The Good Friars opened up not only their home but their hearts and soul to us; fed us both physically and spiritually. I didn't want to go home at times; I wanted to stay in the "safe environment". But that isn't the real world, one must go out and continue on and through the prayers and talks and venting with the other parents, I found it is OK to feel like I do at times and I can always email one of them and just "talk"; we are all in a select club, one which no one wants to be in but if we have to be, what better place to be but surrounded by such loving people, both lay and religious.
It's the first time since it happened ... (in 8 years)... that my wife has found any peace at all. Thank you
A truly wonderful experience-no answers as to the "why" this happened and that's ok- so good to be with those "who get it." My faith was dim, but with a little help and this retreat, the light, as with my son's candle, has begun to shine again. Thank you. Thank you. Thank you.
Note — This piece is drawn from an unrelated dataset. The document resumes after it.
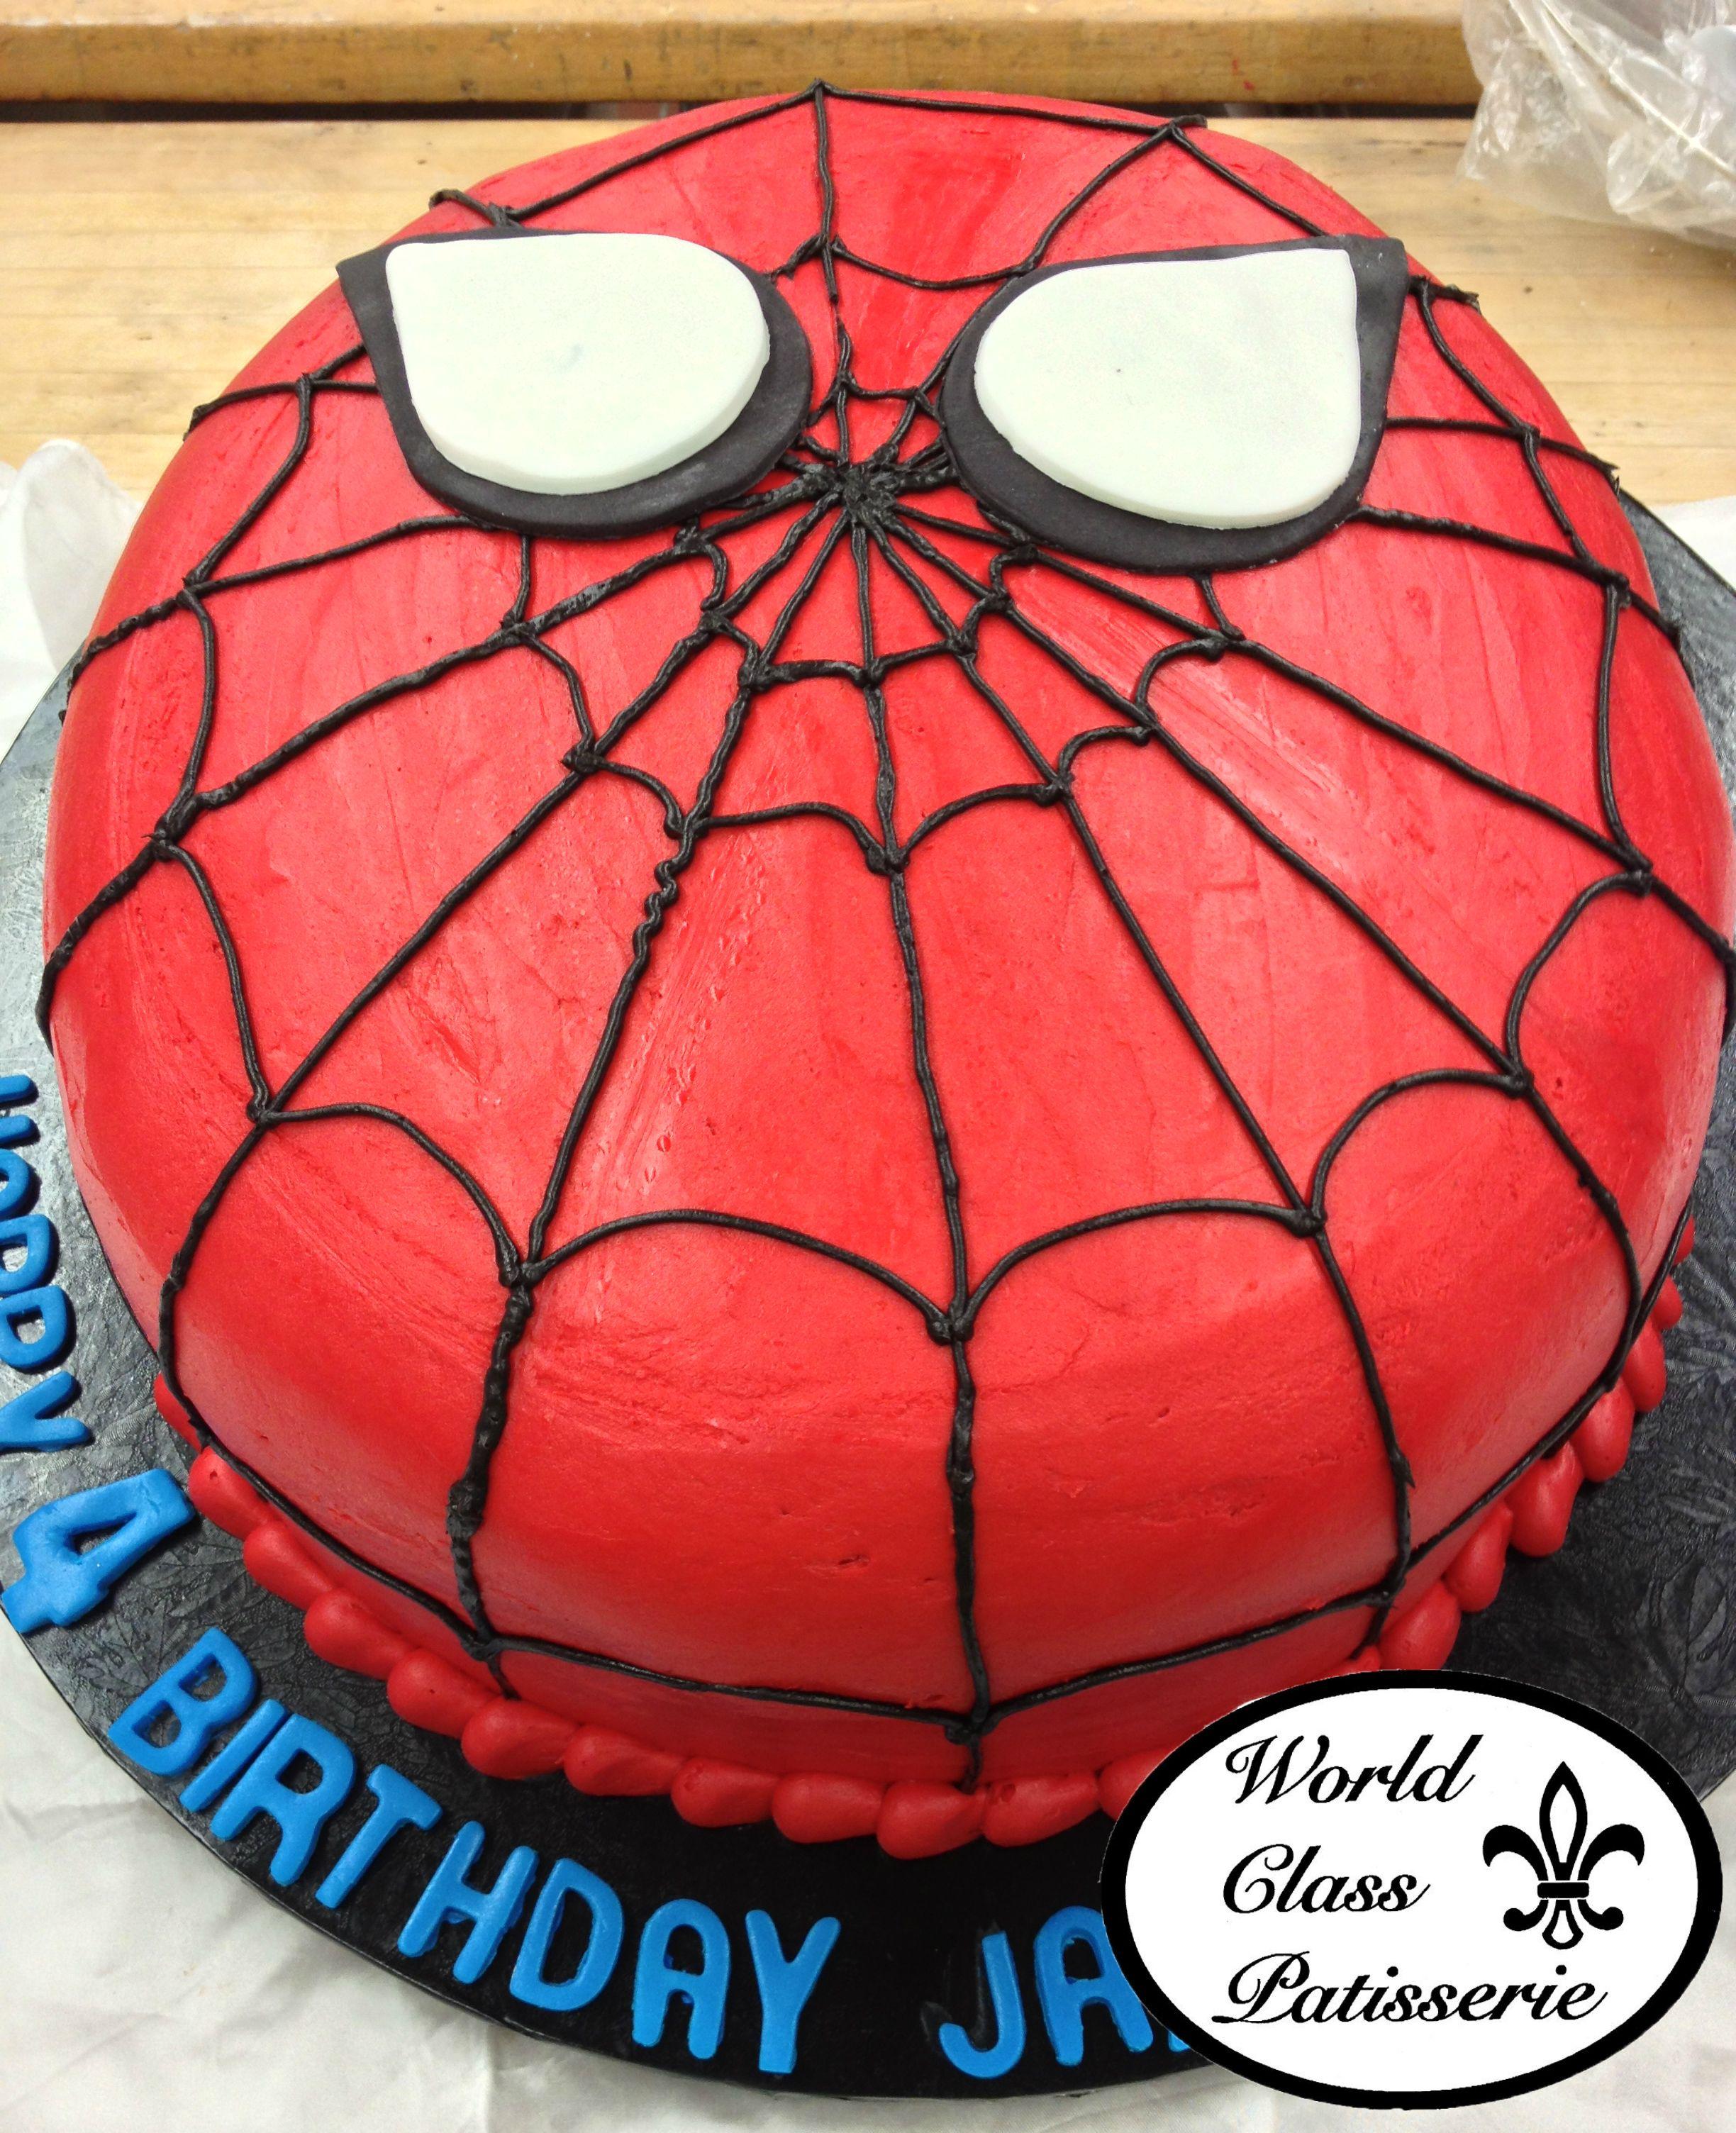 Astonishing Happy Birthday Jaxon This World Class Patisserie Cake Is Funny Birthday Cards Online Elaedamsfinfo

...I feel so safe here I don't want to leave. But then I realized that it was the spirituality of everything that I have experienced here that has lifted me up. If only I can keep that same spirituality, I will be ok. Losing it keeps me in a dark place. Keeping it helps me get through the day. So I have to keep it.
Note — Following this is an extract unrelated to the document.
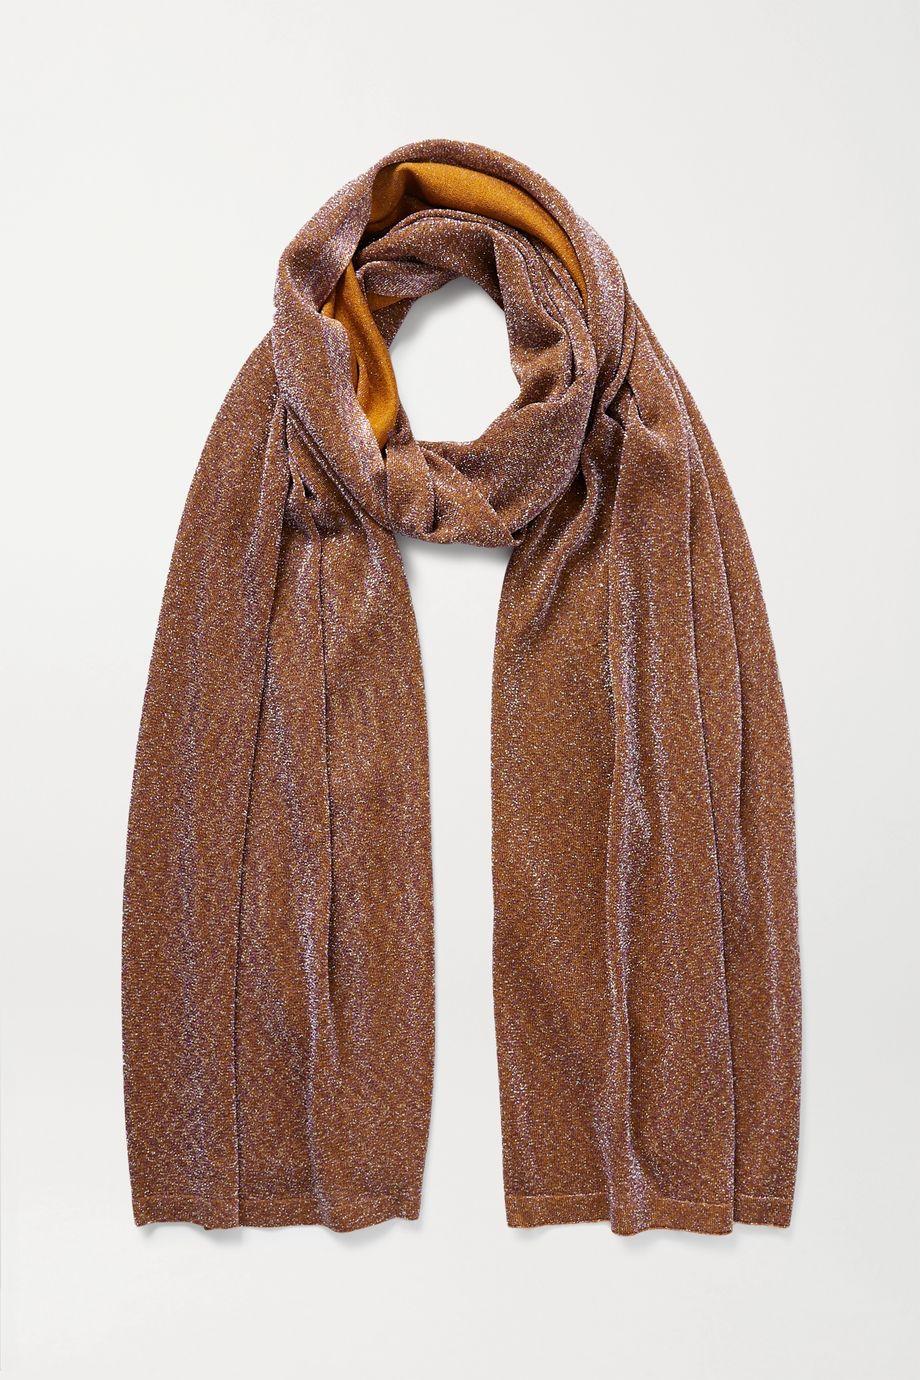 Missoni Lurex scarf

I again can't thank you enough for the retreat. It was great to be among the walking wounded.
Last weekend's retreat left me with the peace and comfort I needed to face the anniversary of (my son's) death with more love, faith, and hope - and a bit less pain.
Thank you so much for everything you did to make the Pieta retreat a truly life-changing experience! I know that it cannot be easy for you to re-live the pain of your loss over and over again either, and we are extremely grateful for your willingness to reach out to us so generously. As we go through this particularly difficult month, our hearts will be linked to yours... I know for sure that the Lord's hand guided all of this. What a gift!
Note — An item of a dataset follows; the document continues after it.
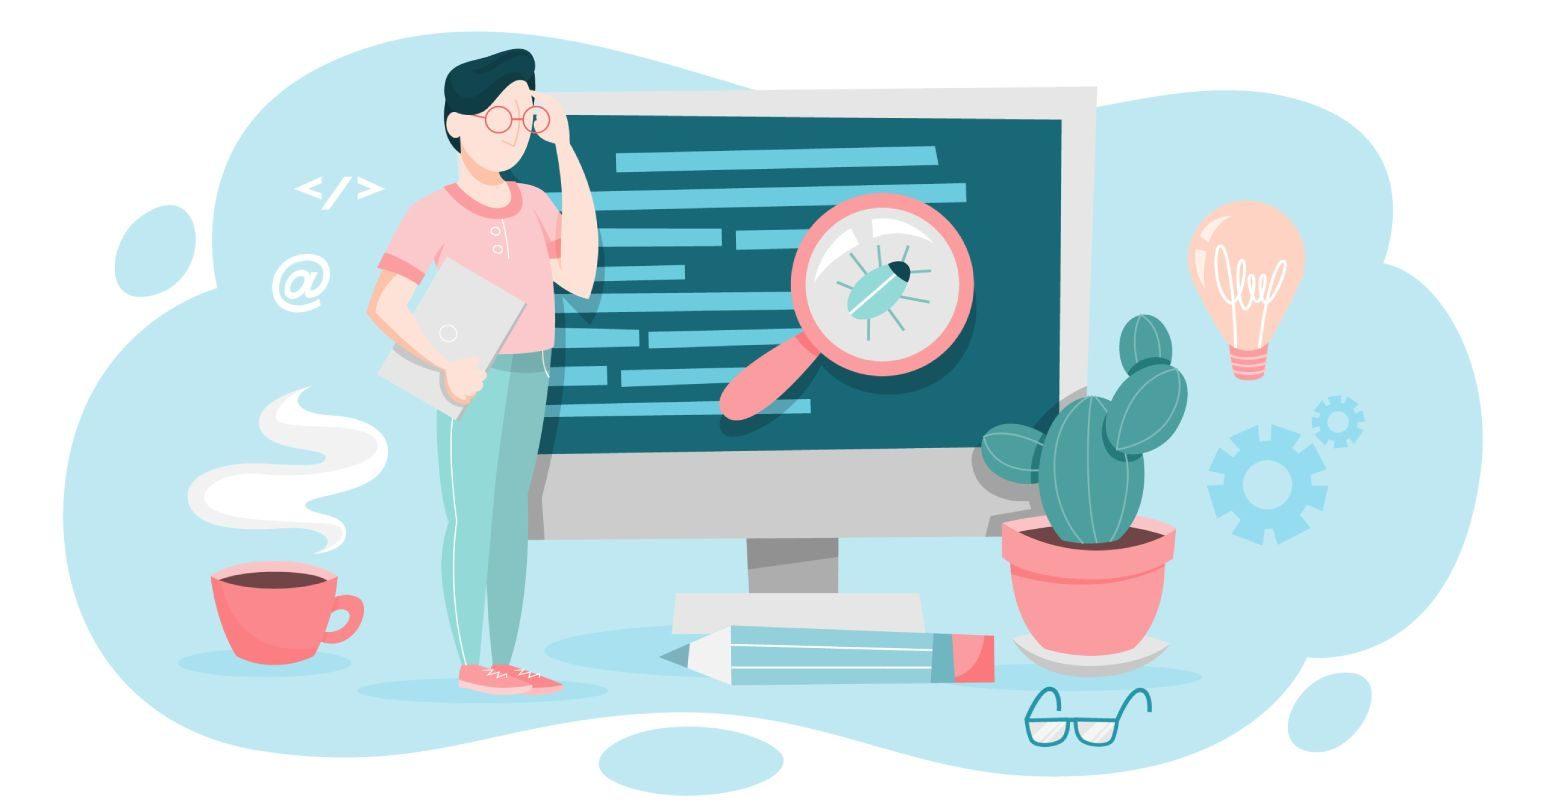 HTML/CSS初学者がつまづきやすい記述ミスと修正方法

(My husband) and I wanted you all to know how much this ministry has helped us. It feels sad to say that because of the loss of our children that something good like this comes out of it, but isn't that what we are searching for? Some good or something better than just the grief and loneliness. Some kind of purpose. The candle, the cards, letters, prayers, everything was perfect.
For us, this retreat was transformational. I honestly don't know where we would be without it.
This was a Godsend to us. We have been so isolated in our grief and have not had any help with the spirituality of grieving for our children. We are so grateful for the kindness and compassion shown to us. Please accept our thanks for this ministry;
There are no words to adequately say how much comfort, peace, faith, reassurance and so much more that it (this retreat) brought to me. I do believe now that through (a friend's name) God was inviting me to be a part of this weekend
We come away emotionally and physically exhausted, but with a renewed faith that our children are truly alive and still with us; we come away with HOPE. There is nothing that can totally take our pain away, but somehow sharing with each other does help.
I know for us when we are opening our souls and sharing our grief, it is always best when we are in our homes where we feel safe and not so vulnerable. God's house is the next best place to do so.
We want to thank the Friars for sharing so much of yourselves. Every one of you has made a difference in our grief journey. You have helped us to see what genuine faith in God can do; we see how much you all truly care.
We have all been blessed by your love and compassion. We hope that Pieta will continue to be the balm to our souls that is has been in the past.